In the same way, the command ssh -C foo compresses all traffic traversing the interactive connection to foo. In fact, compression even works with X forwarding (tunneling X Window System connections through ssh), boosting the performance of tunneled X applications.

ssh compression is most useful over slow network connections like dialup modems. However, if you’re transferring a lot of small files over a slow link, network latency can defeat the time savings from scp -C. That’s because each file has to be negotiated and sent separately — and that “overhead” time can build up. Instead, pipeline the transfer — package all of the files into a single tar archive, and compress/decompress the tar file on-the-fly (with tar -z or ssh -C). And be careful using ssh compression over fast links. On a fast link, the CPU time needed to compress and decompress the data could make the transfer slower!

If you want to experiment with ssh, the time command can help. For example, try sending a big text file from your machine to some host foo with the command time scp -C /usr/dict/words foo:/tmp. Then do it again without the -C option.
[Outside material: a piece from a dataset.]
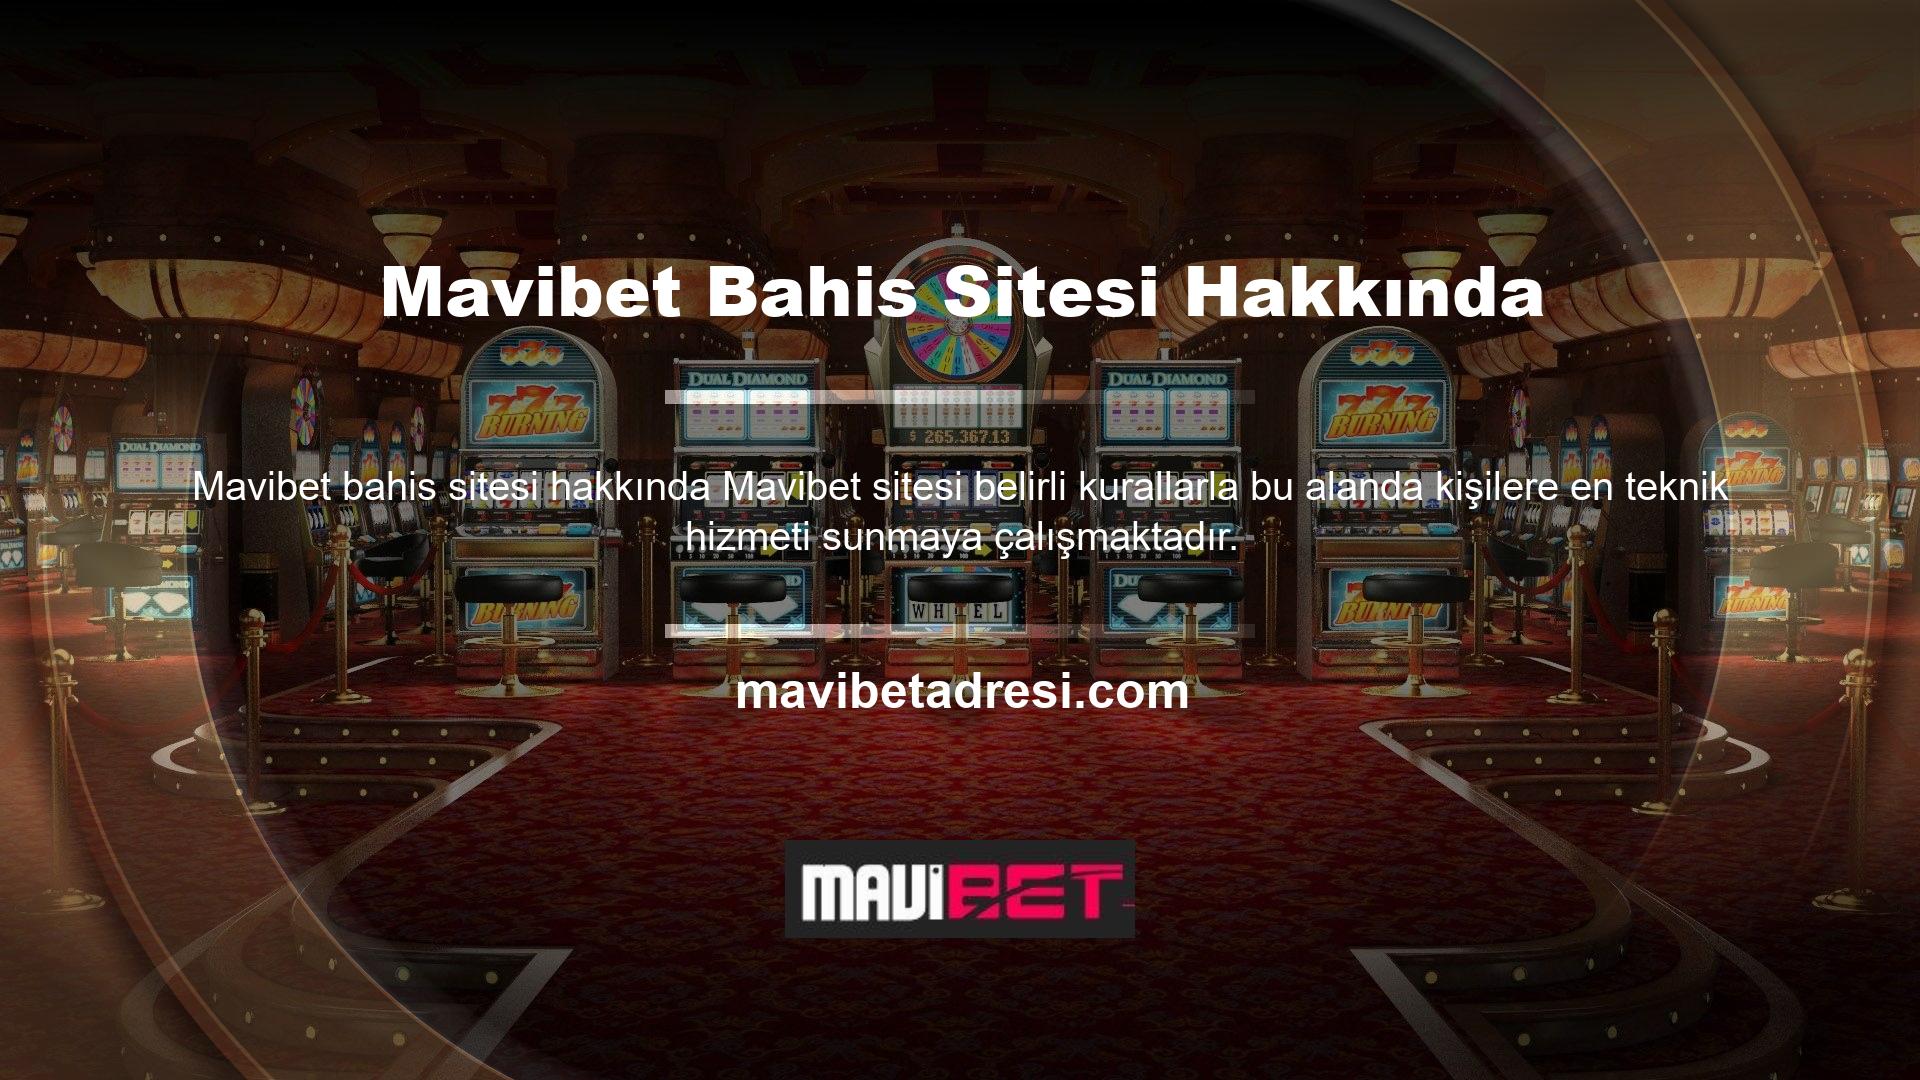 Casinoların çeşitliliği nedeniyle Mavibet şikayetleriyle ilgili konular zaman zaman bu forumlarda yayınlanmaktadır

For interactive logins, try emitting a lot of text, like head -5000 /usr/dict/words | fmt and compare the scrolling speed in compressed and uncompressed sessions.

By the way, if the ssh server you’re connecting to doesn’t support compression, you’ll get a warning that says, “Remote host refused compression.”

ftp Revisited

Web browsers and newer utilities like wget and cURL have mostly superseded the old ftp utility. But ftp does transfers interactively, which lets you control its actions. Unlike many FTP protocol-enabled programs, ftp can also send files to an FTP server and even has a little-known configuration file that stores macros and enables automatic logins.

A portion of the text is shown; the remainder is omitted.